Doctors typically recommend patients avoid high impact activity after joint replacement including running, soccer, and basketball. Even playing golf is controversial when trying to maximize the longevity of a knee replacement implant. However, many patients want to maintain their active lifestyle, and are unwilling to give up their favorite activities.

This is a complicated problem, because if a joint replacement does wear out, the second replacement, called a revision joint replacement is a more difficult and more expensive surgery. Complication rates are higher after revision replacement, and the results of surgery are less predictable.

Should patients be able to do whatever they choose after joint replacement? Should doctors be performing this surgery in young patients who want to do sports? Most people agree that patients who can't walk, climb stairs, or sleep comfortably, should be eligible for joint replacement, but what about middle-aged athletes that can't run marathons? It's a difficult question! Please leave your comments!

Related: Knee Replacement in Young Patients | When is it Time for Replacement? | Sports After Knee Replacement

Source: "Pushing Limits of New Knees" Wall Street Journal. April 19, 2011.

Image Medical Mulitmedia Group

Comments
May 17, 2011 at 9:02 am
(1) Marie Shanahan says:

I am the Founder of the ON AVN Support Group Int’l Association, Inc., which is a support system for all those who suffer from Osteonecrosis/Avascular necrosis. We are seeing a tremendous increase in younger patients with this destructive bone ailment, an increase probably due in part to more accurate diagnosing. Be that as it may, our younger members face the challenge of a knee or knees, and in too many cases multiple other joints, that are so destroyed by ON/AVN that the joints are useless and cause them incredible chronic pain. Many of their doctors/surgeons try to explain about the complications of too-early replacements, but these unfortunate people are living lives with poor quality of living due to the pain and immobility. it is heart-breaking to see so many youngsters living with such pain and unable to walk, when a replacement might alleviate their immediate medical problem for quite a few years. Talk to them and they will TELL you that they opt for a new joint(s) and would obey the ‘rules’ and take as good care of their new joint/s as possible. However, would they really be able to follow through with their promises? It is so difficult to be young and to be so terribly physically challenged, while living in such awful pain! I wish there was some type of answer for them that would be of real value and help.

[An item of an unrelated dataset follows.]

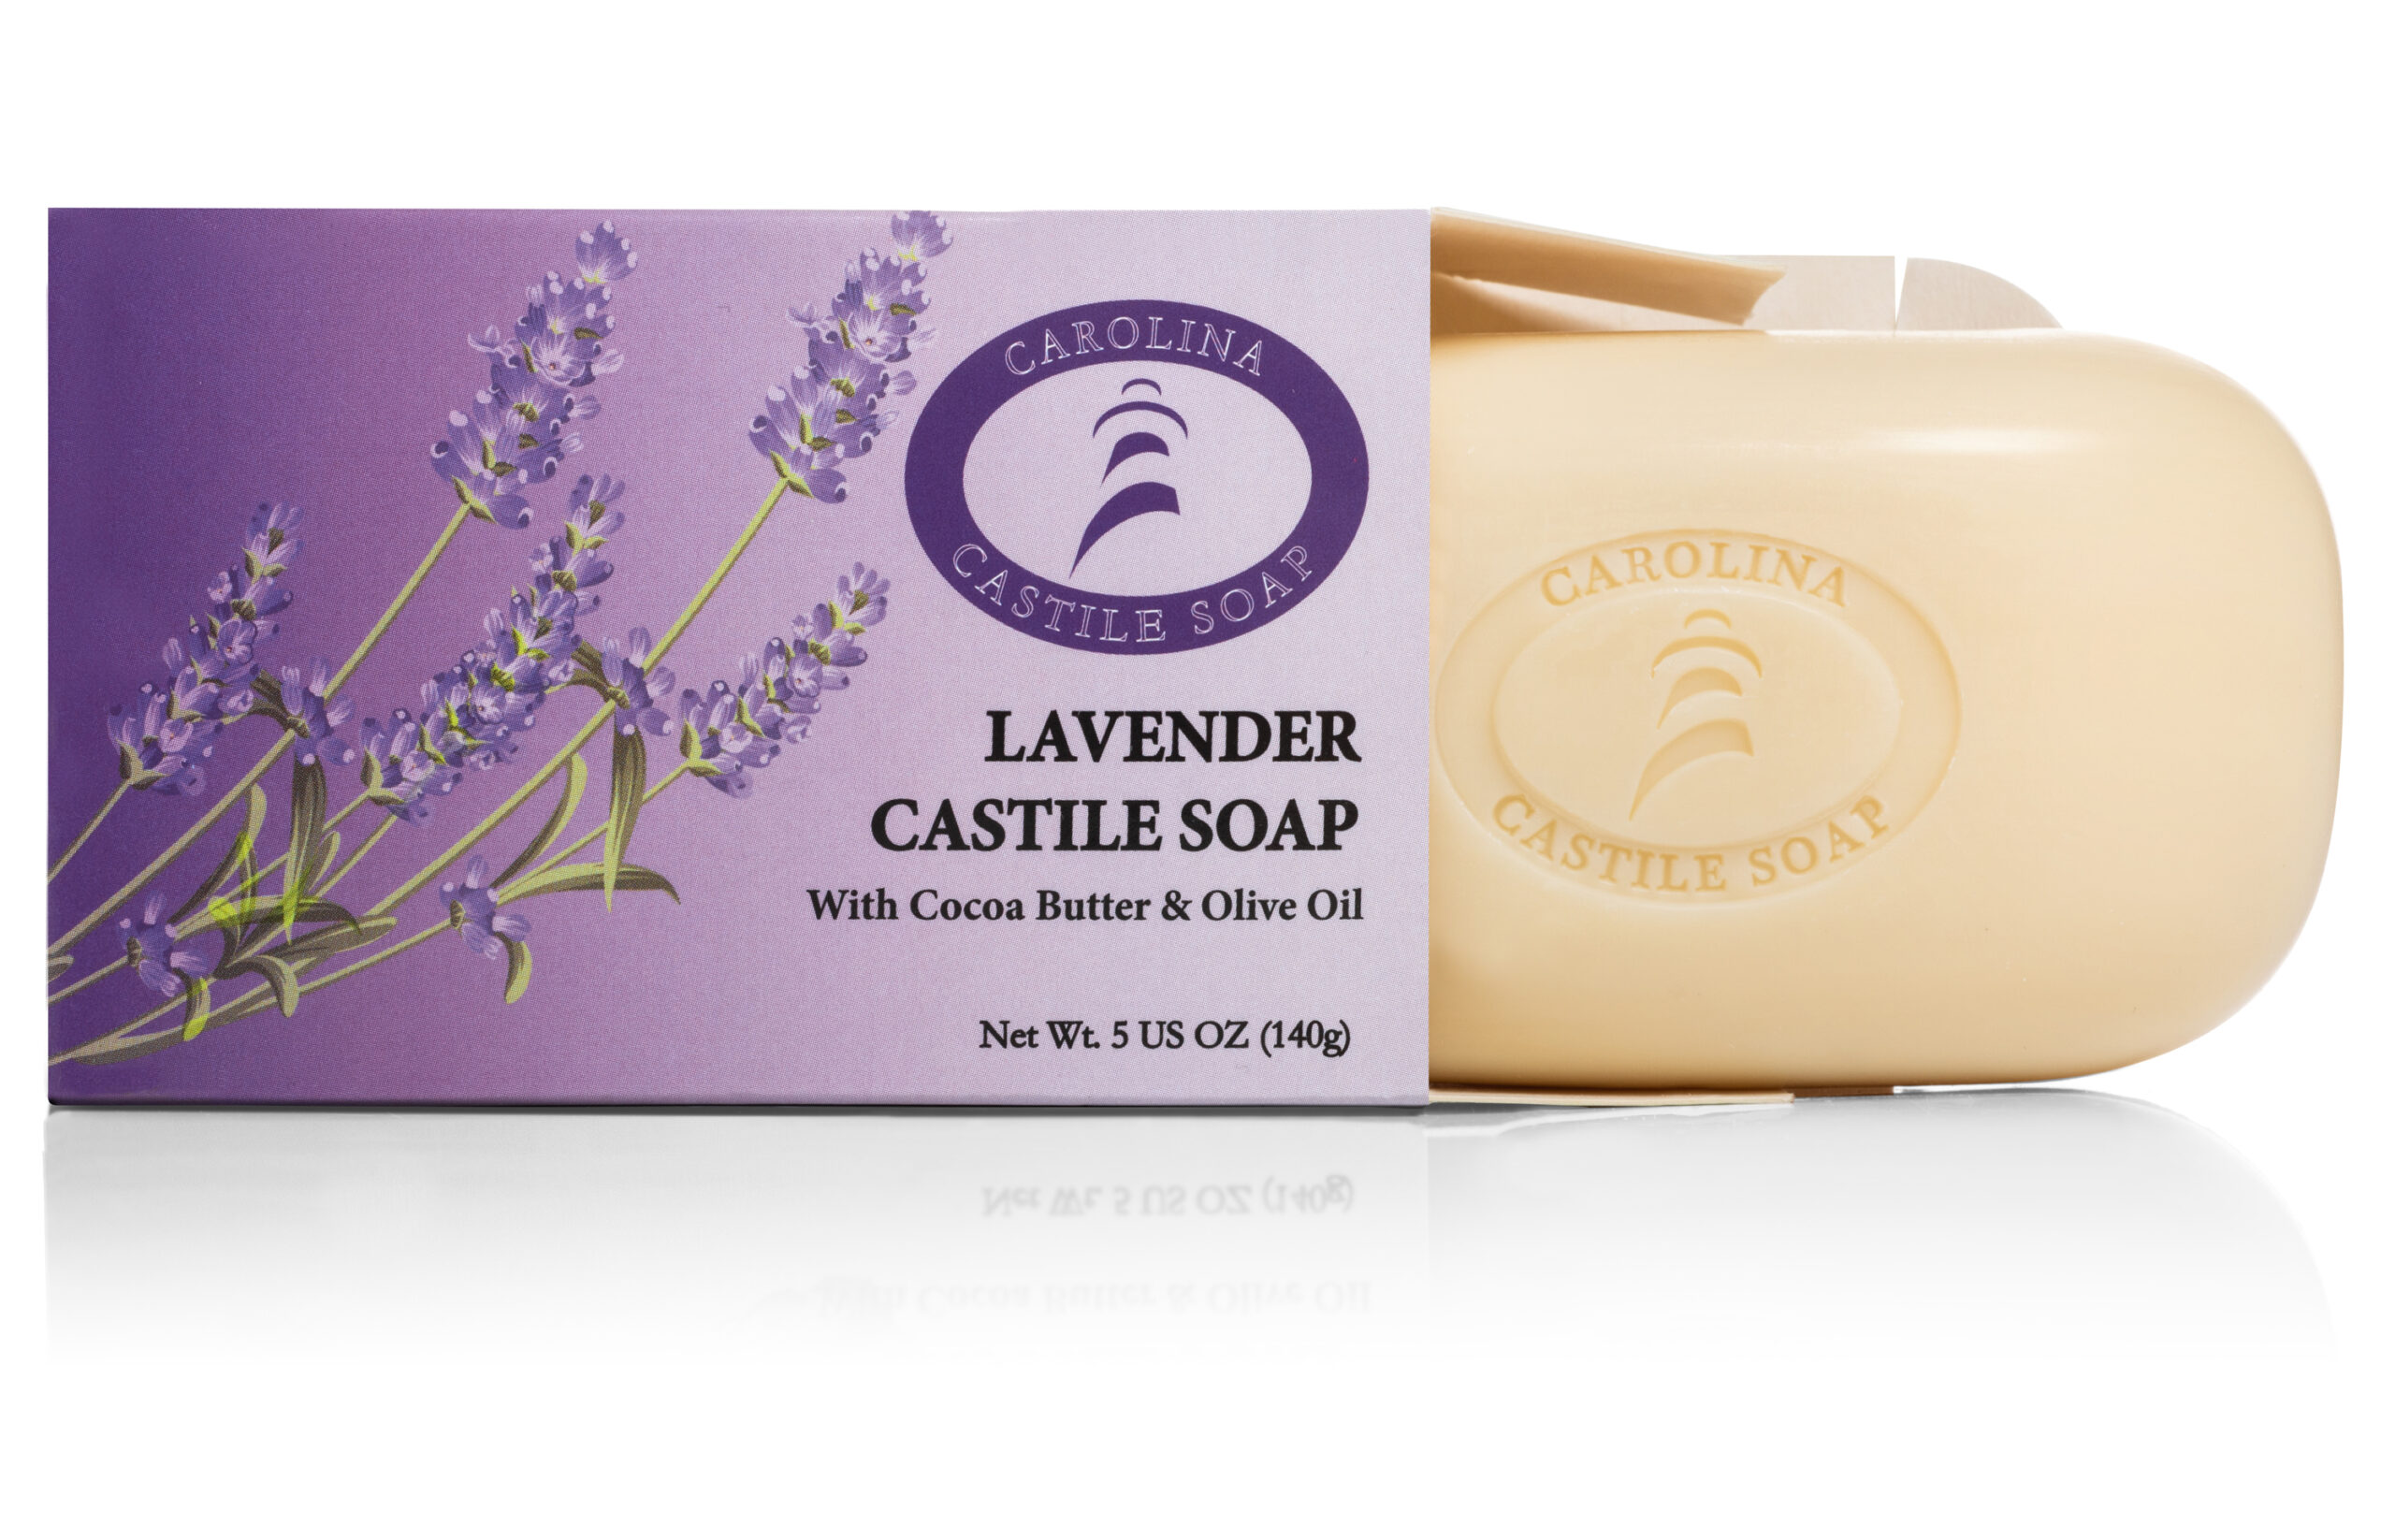 Castile Bar Soap - Lavender - 6 Bars - Carolina Castile Soap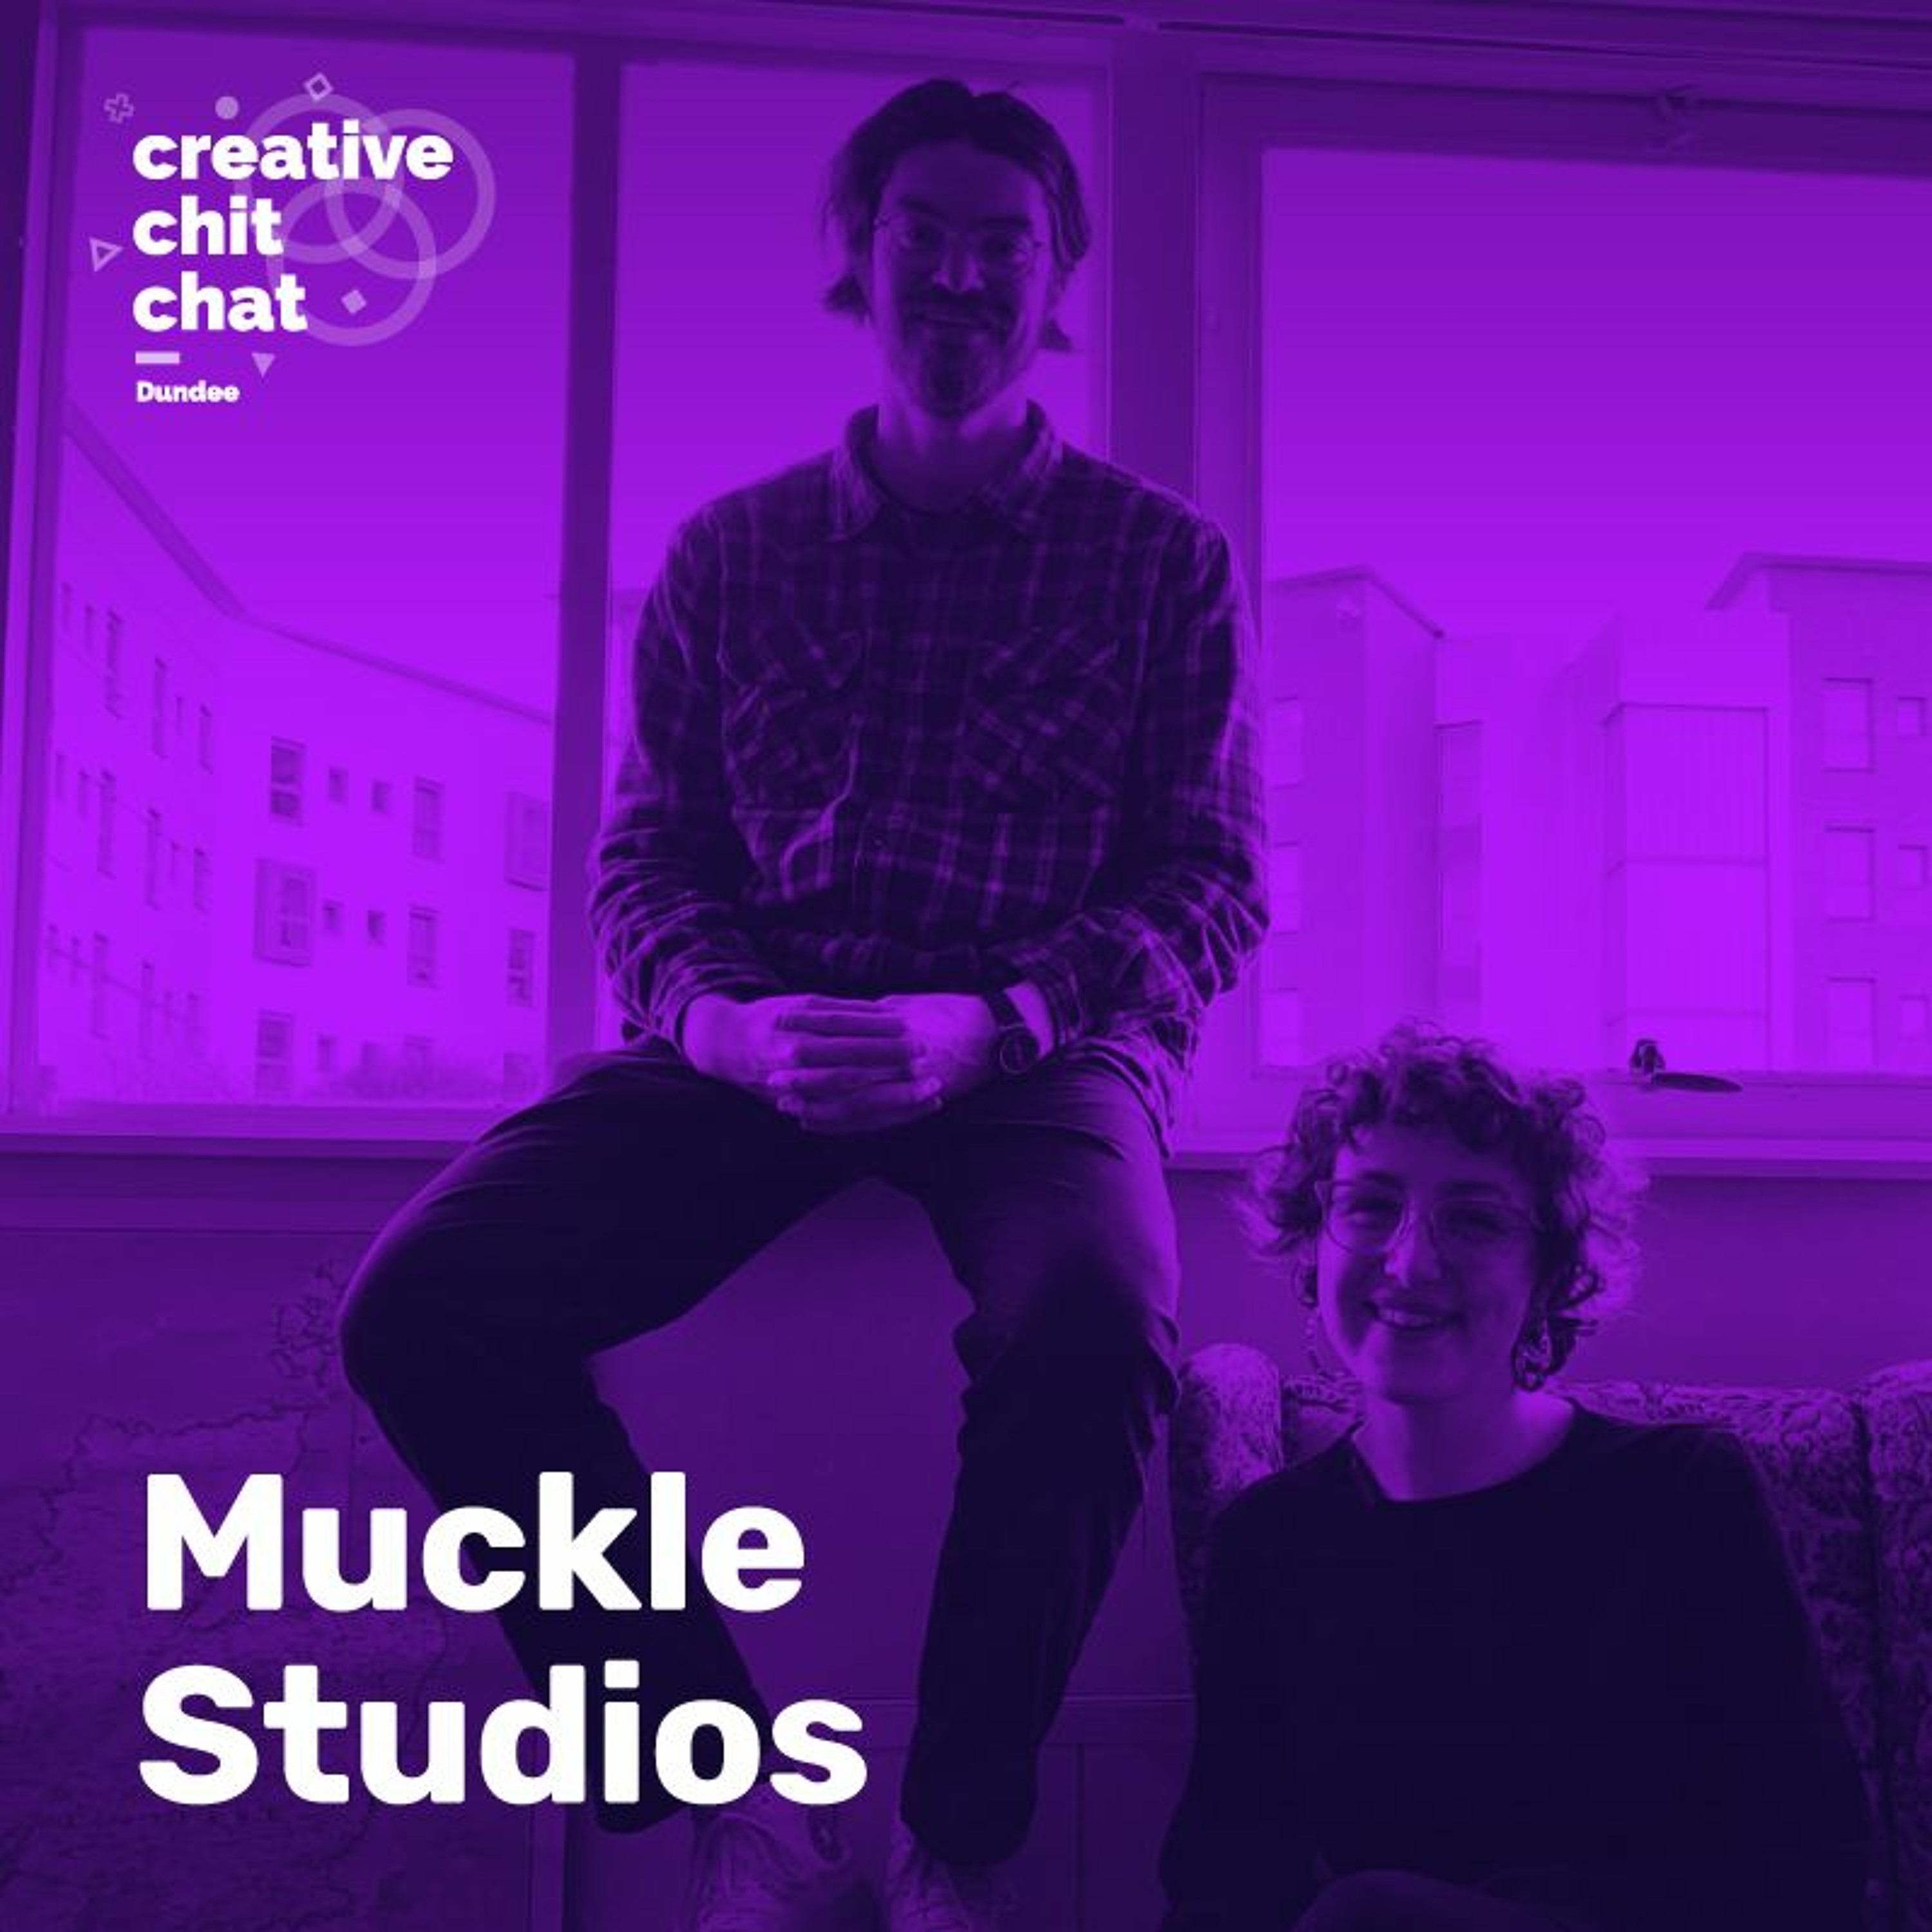 Muckle Studios - When a psychologist met a designer

Just as a side-note, far too many of our younger patients are cancer survivors and developed ON/AVN as a side-effect of chemo and corticsteroid. and/or radiation treatments. This is so very unfortunate! To have beaten such a serious illness as cancer, only to wind up crippled is most sad.

May 17, 2011 at 11:15 am
(2) Gigi Morris says:

Hi, I am a 65 year old registered nurse who is ten weeks post partial knee replacement. Prior to having surgery I tried physical therapy and sinvisc injections. I could only walk very short distances with the use of a cane and the pain was unbearable. All I did was sit around being inactive and gaining weight. The physical therapy prior to surgery was very helpful but the injections did not work for me. I am now active (mainly walking and using a recumbent bike and taking part in a water fitness class). I am very pleased with the outcome of my surgery. I no longer use a cane to ambulate. There are a few things I would like to advise prior to surgery: 1. Choose your surgeon very carefully. My orthopedic surgeon specializes in knee replacement. After surgery I was on a special unit that only cared for joint replacement patients. So the nursing staff was excellent in knowing how to care for me.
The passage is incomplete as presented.